C is 15 atomic mass units less than T. and the cumulative number of
C vs. T sites in one amplicon thus results in a significant overall
mass/charge difference. The above-described algorithm to calculate
the mobility differences of the amplicons from Me and UnMe gDNA
agreed with the actual observed separation of roughly 0.1-nt
difference per polymorphic site for the shorter amplicons.
[0101] In the exemplary embodiments, bisulfite treatment must occur
prior to PCR, since currently available polymerases do not
discriminate between 5mC and C to a significant extent (although
very small differences have been observed by direct sequencing of
gDNA (see A. Bart, M. W. van Passel, K. van Amsterdam, and A. van
der Ende, Direct detection of methylation in genomic DNA, Nucleic
Acids Res 33 (2005) e124)). Bisulfite-converted PCR amplicons are
used in techniques such as single-base extension (e.g.,
SNaPshot.RTM. kit) as described in K. Uhlmann, A. Brinckmann, M. R.
Toliat, H. Ritter, and P. Nurnberg, Evaluation of a potential
epigenetic biomarker by quantitative methyl-single nucleotide
polymorphism analysis, Electrophoresis 23 (2002) 4072-4079; and Z.
A. Kaminsky, A. Assadzadeh, J. Flanagan, and A. Petronis, Single
nucleotide extension technology for quantitative site-specific
evaluation of metC/C in GC-rich regions, Nucleic Acids Res 33
(2005) e95, bisulfite sequencing as described in M. Frommer, L. E.
McDonald, D. S. Millar, C. M. Collis, F. Watt, G. W. Grigg, P. L.
Molloy, and C. L. Paul, A genomic sequencing protocol that yields a
positive display of 5-methylcytosine residues in individual DNA
strands, Proc Natl Acad Sci USA 89 (1992) 1827-1831, cloning and
sequencing, melting curve analysis as described in J. Worm, A.
Aggerholm, and P. Guldberg, In-tube DNA methylation profiling by
fluorescence melting curve analysis, Clin Chem 47 (2001) 1183-1189;
and D. T. Akey, J. M. Akey, K. Zhang, and L. Jin, Assaying DNA
methylation based on high-throughput melting curve approaches,
Genomics 80 (2002) 376-384, combined bisulfite restriction analysis
(COBRA) (see Z. Xiong, and P. W. Laird, COBRA: a sensitive and
quantitative DNA methylation assay, Nucleic Acids Res 25 (1997)
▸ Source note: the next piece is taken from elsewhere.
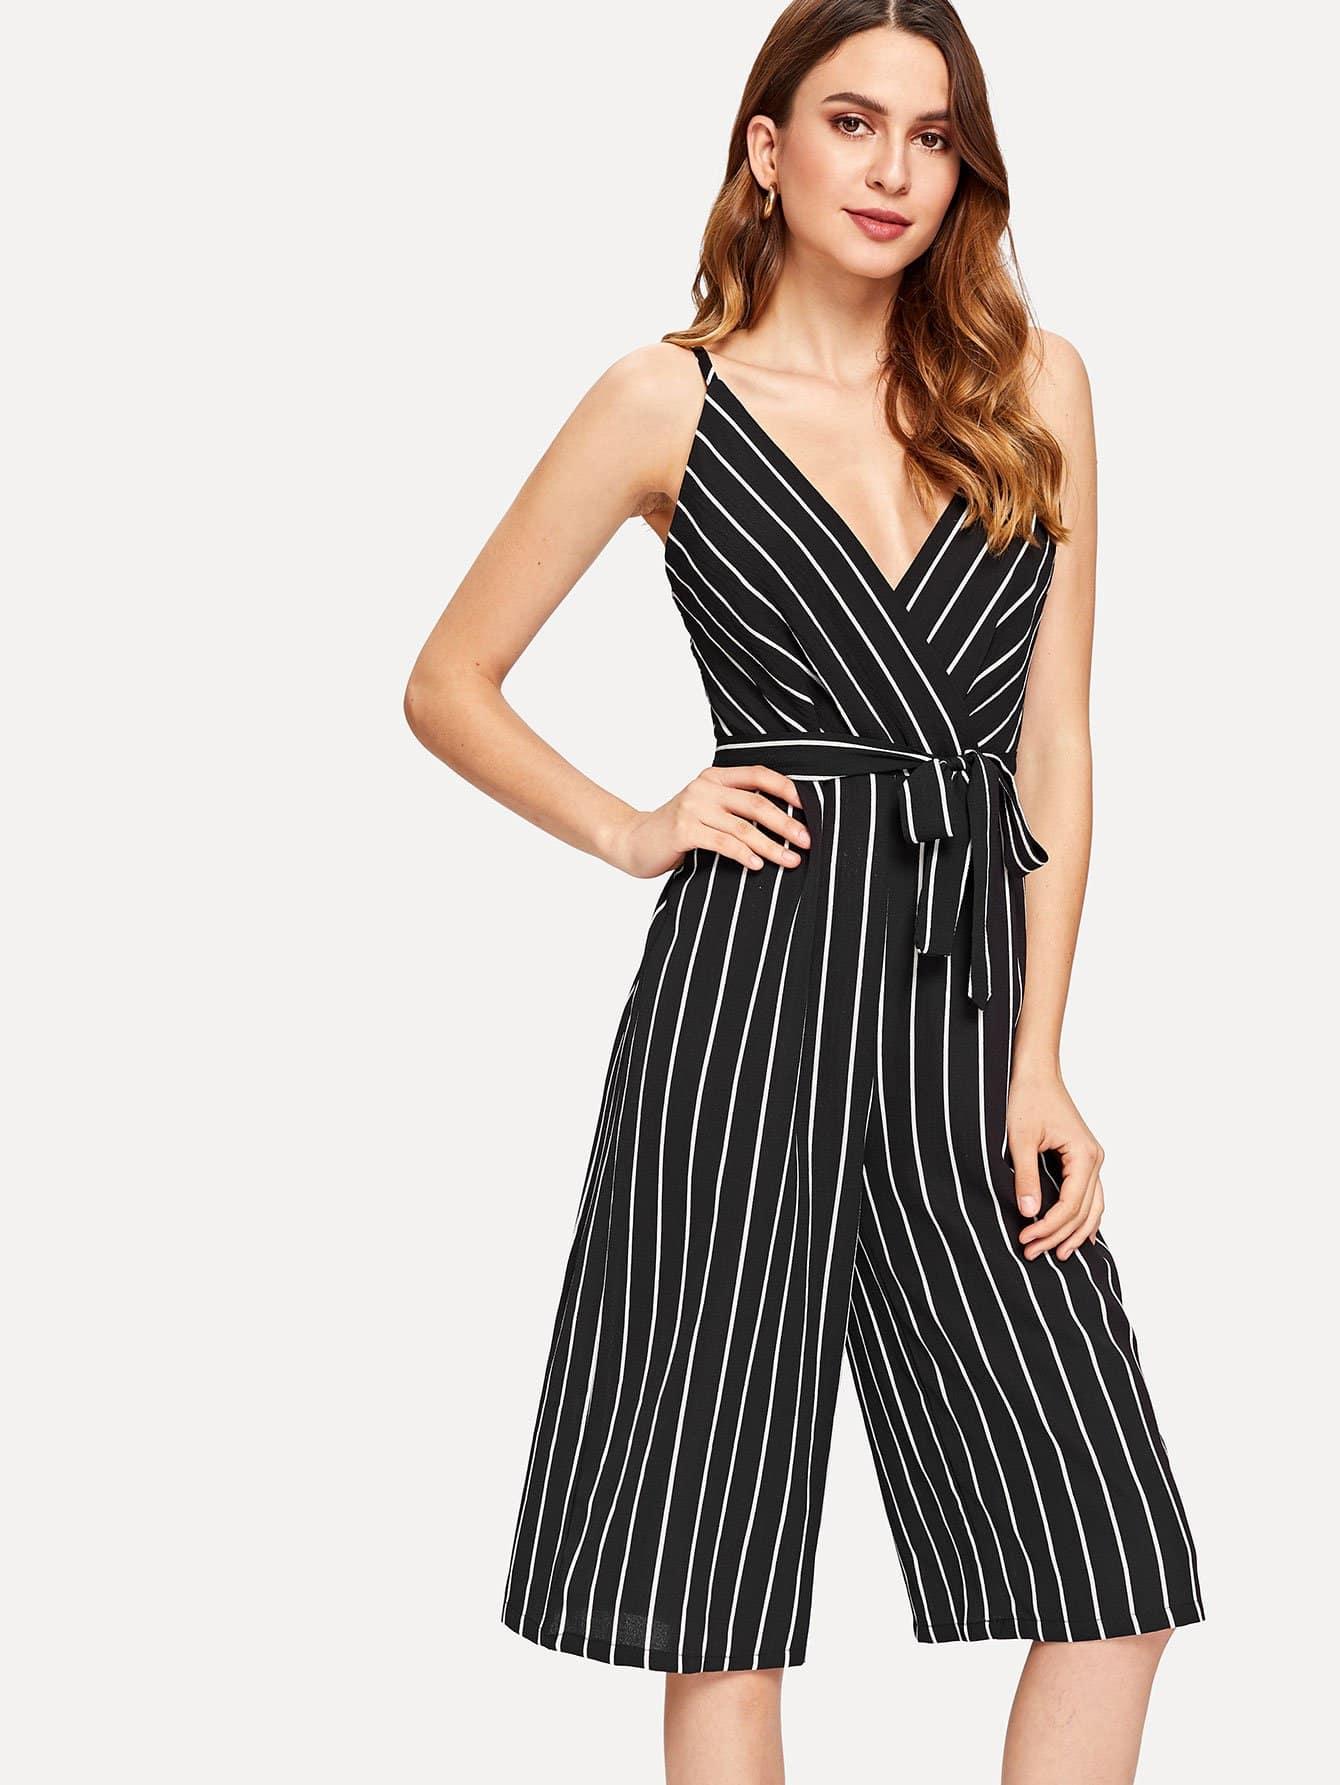 Self Tie Waist Striped Cami Jumpsuit striped ruffled waist self tie pants

2532-2534), and single-strand conformational polymorphism (SSCP)
(see N. Burri, and P. Chaubert, Complex methylation patterns
analyzed by single-strand conformation polymorphism, Biotechniques
26 (1999) 232-234). Direct analysis of the amplicon from
bisulfite-converted gDNA without any additional sample processing
steps provides a relatively simple analytical tool for detecting
the presence of methylation. Moreover, the same amplicon(s) can
then be used for additional analyses that confirm/strengthen the
results. Additional sample processing may introduce bias that
distorts quantitative measurements and requires extra time and
cost. In the event that CE is unable to resolve the methylated and
unmethylated amplicons, or if the results suggest the presence of
variable methylation in the amplicon, bisulfite sequencing or other
techniques can still be applied to the amplicon without having
created any extra steps (other than the CE analysis).
[0102] Accordingly, the exemplary embodiments herein have provided
further improvements to earlier described protocols for bisulfite
conversion, as well as procedures for improving the success of PCR
amplification despite limited primer selection, and a relatively
simple and novel CE method for analysis of methylated gDNA.
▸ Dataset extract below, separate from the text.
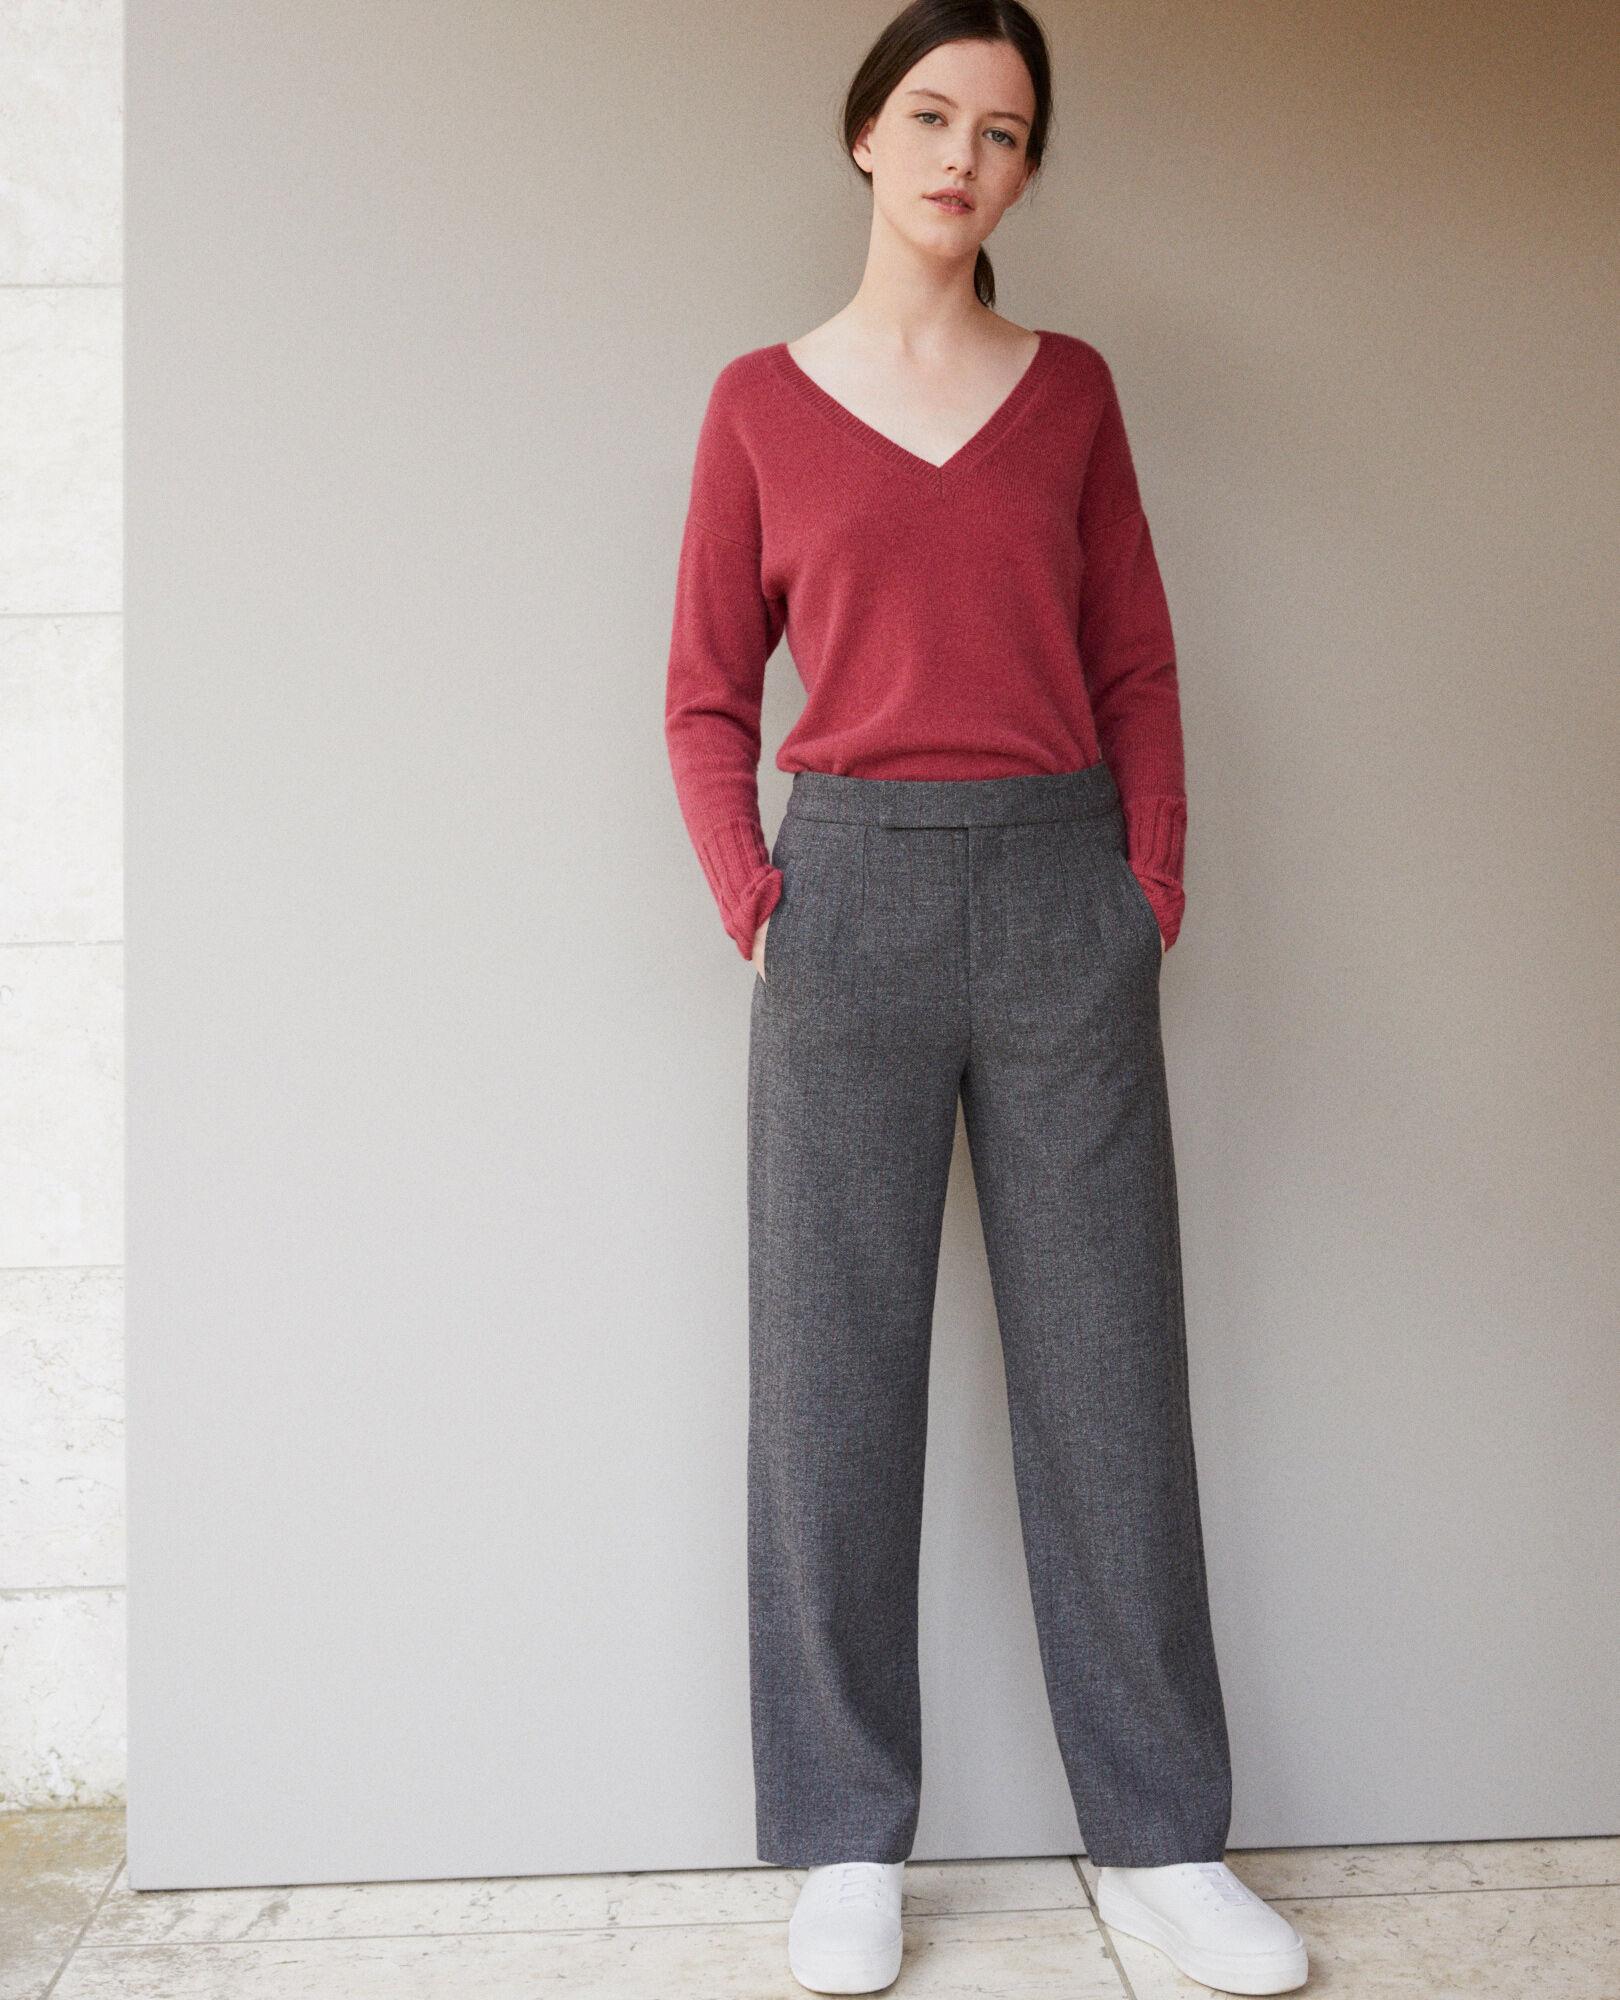 Gylopa Épais Grey Heather Femme Comptoir Dark Pantalon Couleur PY6APx

Improved bisulfite sequencing of amplicons that were generated is
described herein, and use both the FAM dye-labeled or unlabeled
amplicons as templates for direct sequencing by means of
conventional sequencing instruments that employ the Applied
Biosystems KB.TM. Basecaller. The presently described MDFS
analytical method can be used in combination with other analysis
techniques, or serve as a fast screening tool to determine
methylation ratios.
[0103] Various other exemplary embodiments may provide mechanisms
for data analysis utilizing the exemplary methylation detection
analysis. Non-limiting examples include predicting the observed
size given the gDNA sequence (length and composition of the
amplicon) for both fragments (treated and untreated) and hence a
difference and migration order. Further, given experimentally
observed difference in size between the treated and untreated DNA,
the algorithms allow derivation of the number of methylated dCpG's
from the experimental data. Even further, the present teachings can
embody a software tool for the detection of methylation by CE
analysis of PCR products of bisulfite treated template DNA. They
can also embody a software tool for the design of oligonucleotides
containing mobility modifiers. The tool will allow prediction of
the effect of mobility modifying bases on migration behavior,
especially for the development of multiplex sets (multiplex PCR
products as used in human identification (HID), Snapshot and Snplex
genotyping oligonucleotide sets). Once the coefficient for the
modified based has been established, mobility effects of the
modifiers can be predicted in-silico during oligonucleotide
design.
Computer System Implementation
[0104] FIG. 4 is a block diagram that illustrates a computer system
400, upon which embodiments of the present teachings may be
implemented. Computer system 400 includes a bus 402 or other
communication mechanism for communicating information, and a
processor 404 coupled with bus 402 for processing information.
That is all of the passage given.